WHAT TO DO:
Transcribe the listing exactly, so that nothing but the pictures is missing.

AVAILABLE DATA Block Start

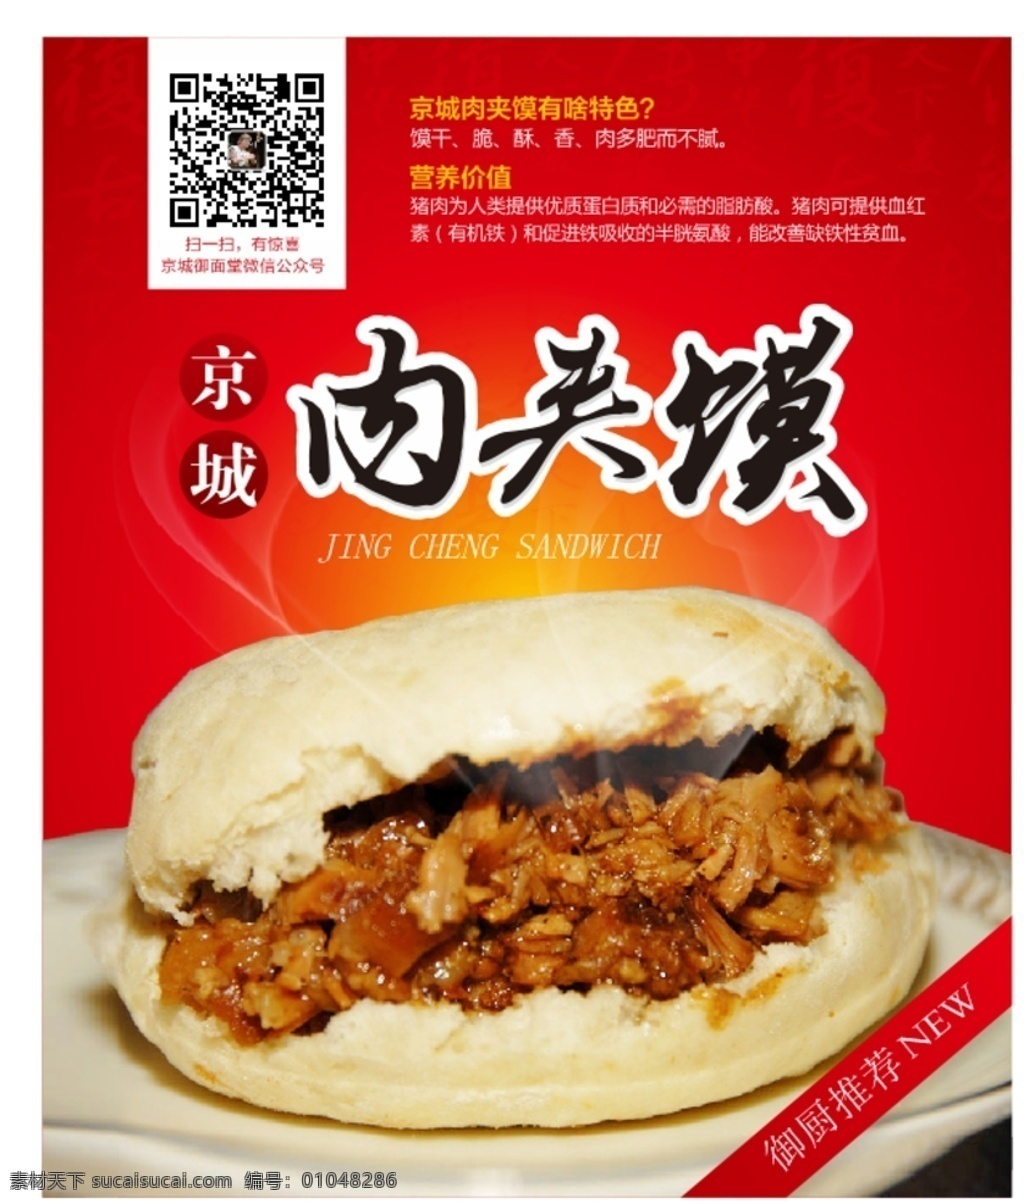 京城肉夹馍 红色背景 肉夹馍 美食 美食海报 肉夹馍海报 烟雾
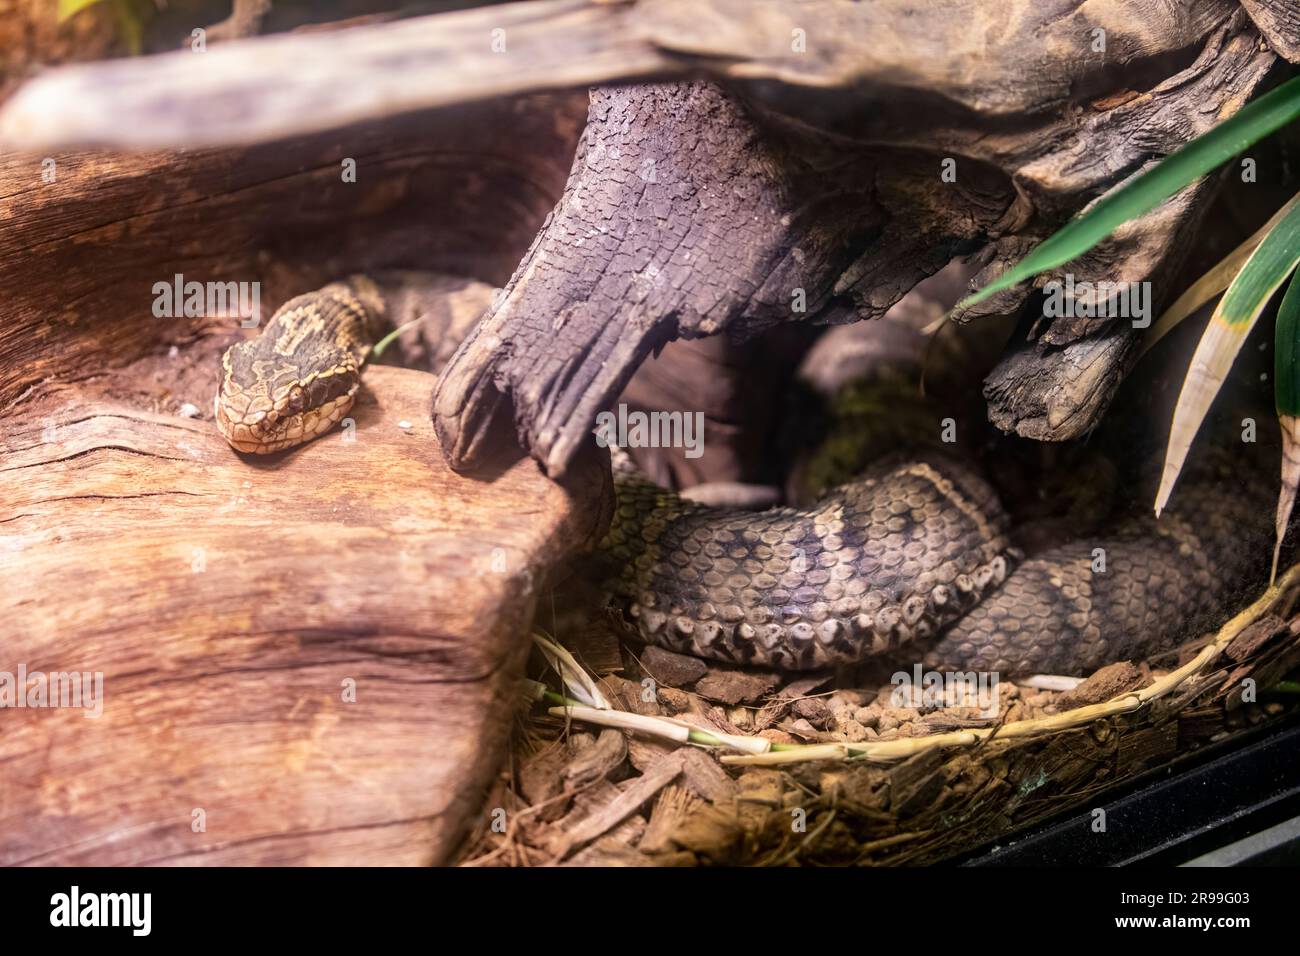 Le mamushi japonais (Gloydius blomhoffii) est une espèce de vipère venimeuse trouvée au Japon. Un des serpents les plus venimeux du Japon. Banque D'Images
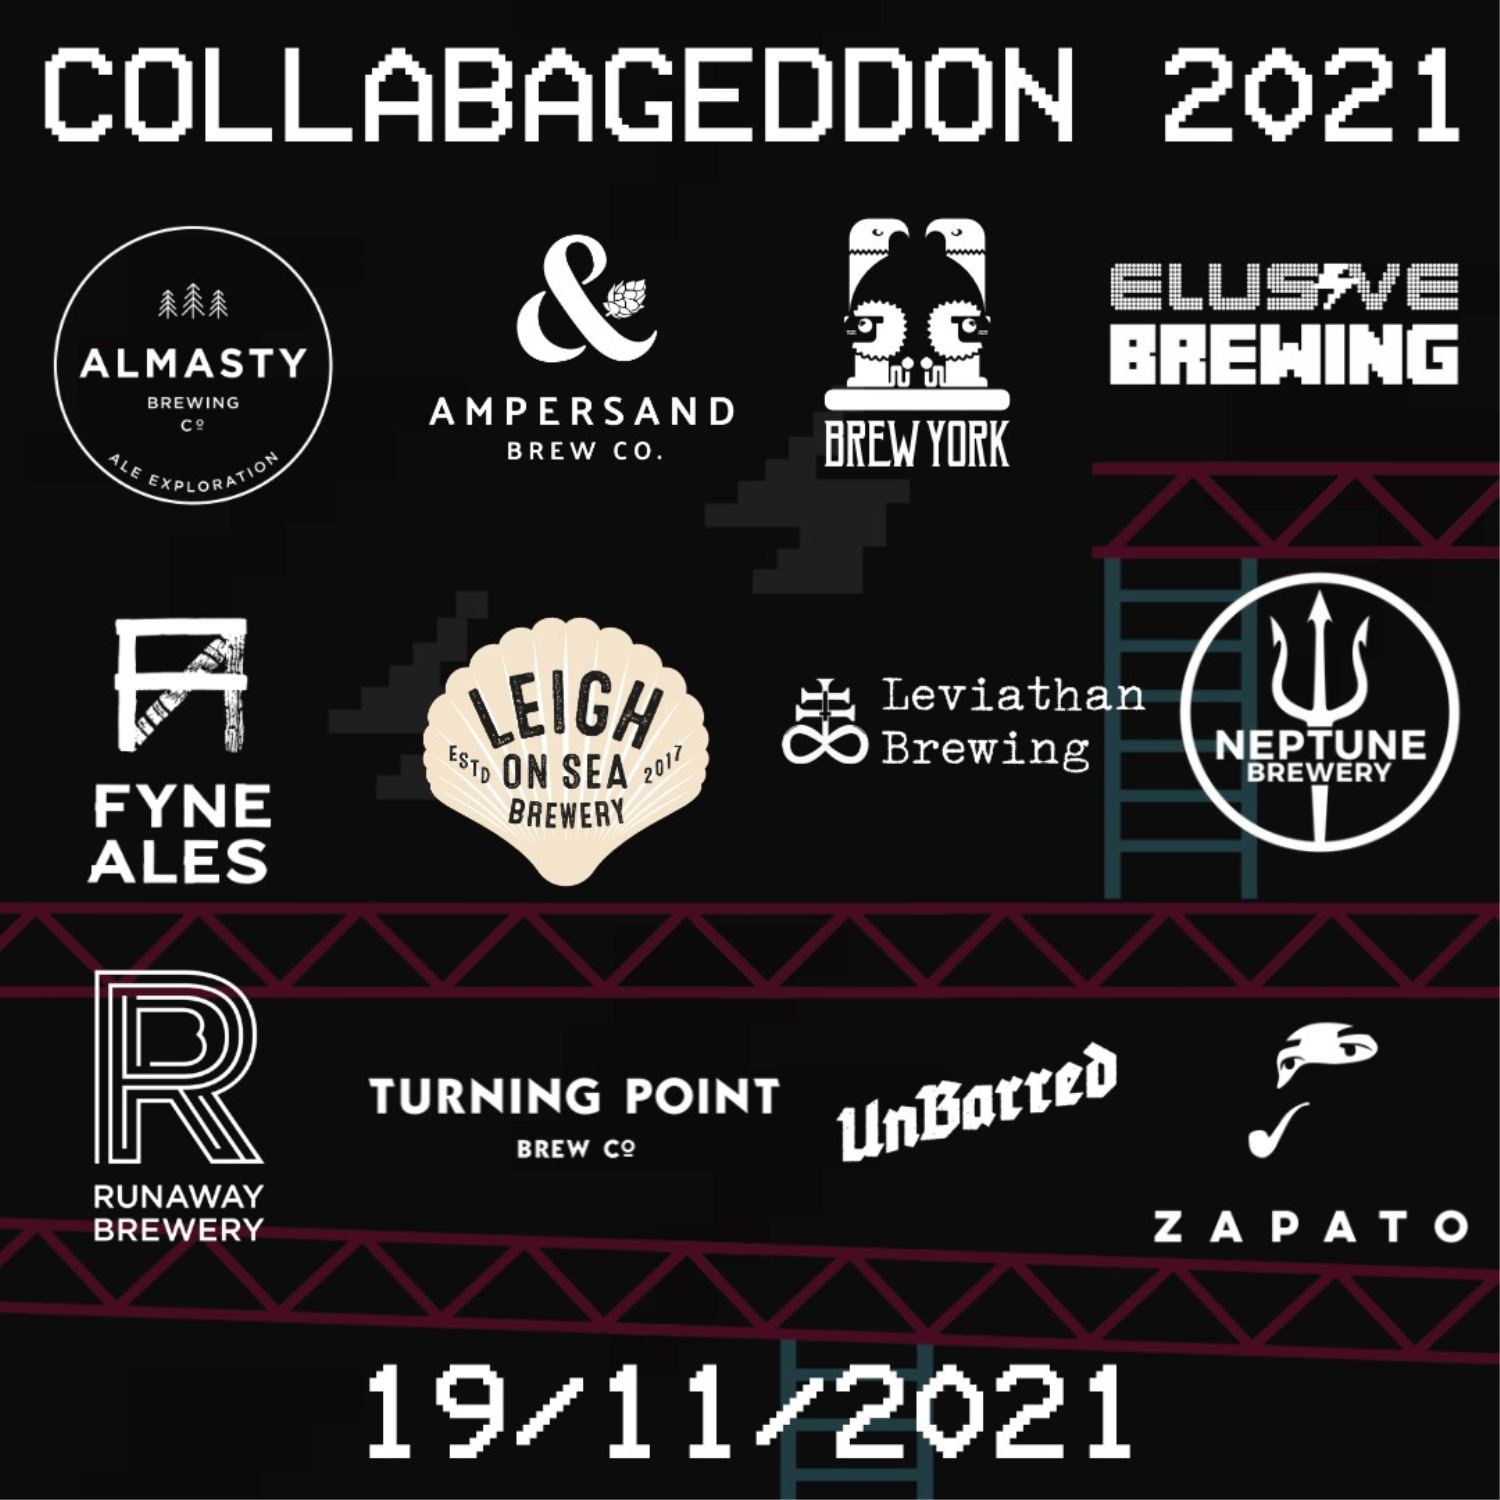 Collabageddon 2021
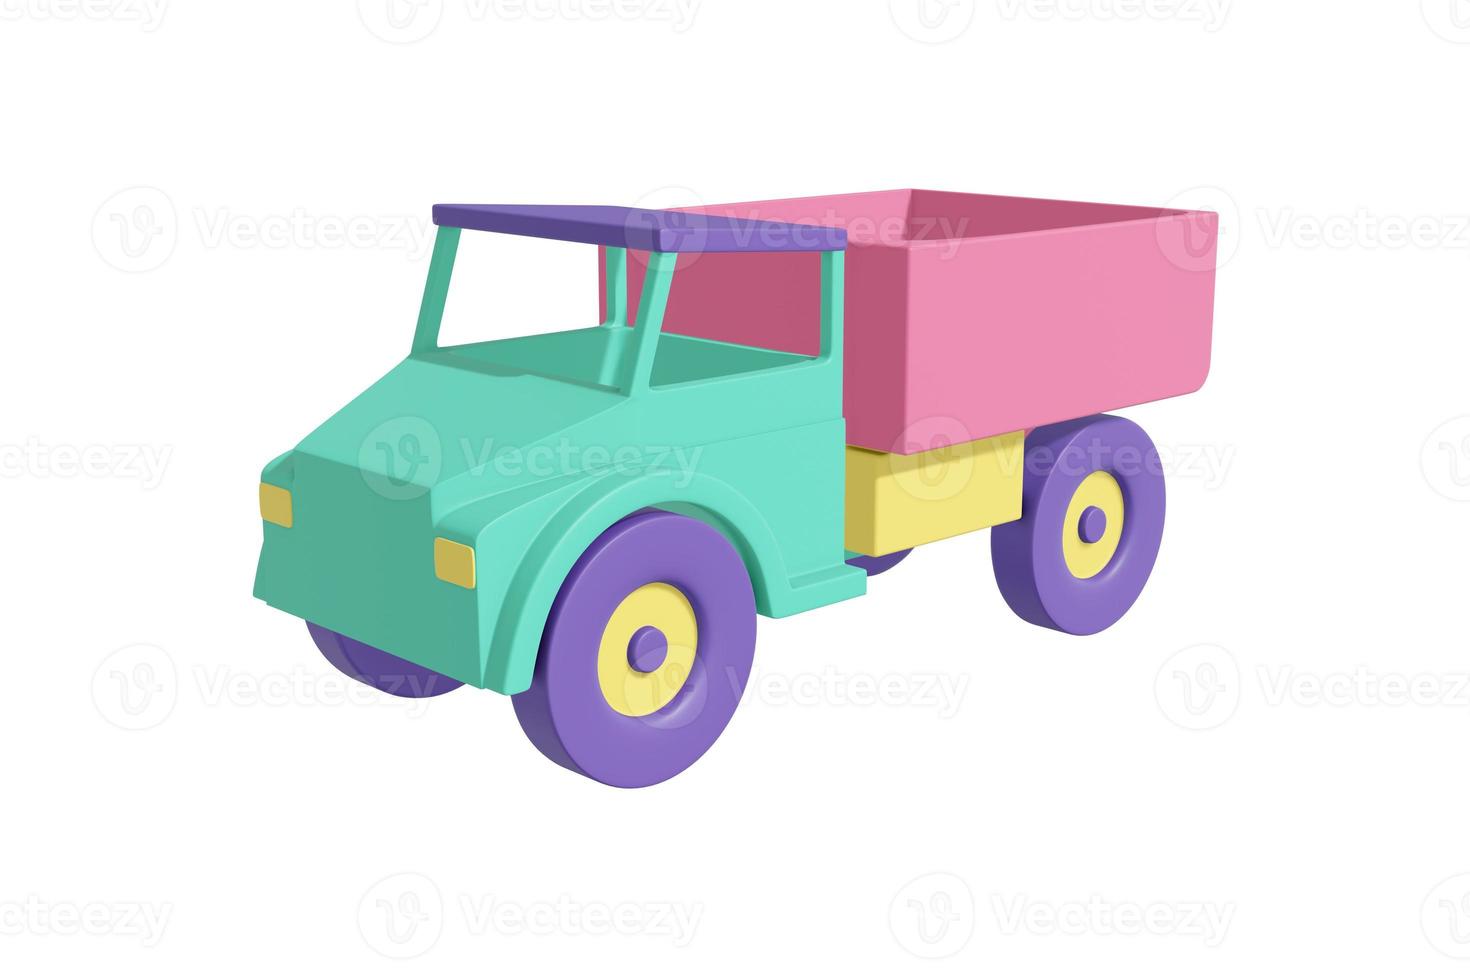 coche de camión con un diseño realista de estilo de dibujos animados de cuerpo en color verde pastel, coral, amarillo, púrpura. niños juguete fondo blanco aislado. concepto de transporte minimalista. representación 3d foto

AVAILABLE DATA Block End

SOLUTION TO THIS TASK:
 京城肉夹馍 红色背景 肉夹馍 美食 美食海报 肉夹馍海报 烟雾
 Le mamushi japonais (Gloydius blomhoffii) est une espèce de vipère venimeuse trouvée au Japon. Un des serpents les plus venimeux du Japon. Banque D'Images
 Collabageddon 2021
 coche de camión con un diseño realista de estilo de dibujos animados de cuerpo en color verde pastel, coral, amarillo, púrpura. niños juguete fondo blanco aislado. concepto de transporte minimalista. representación 3d foto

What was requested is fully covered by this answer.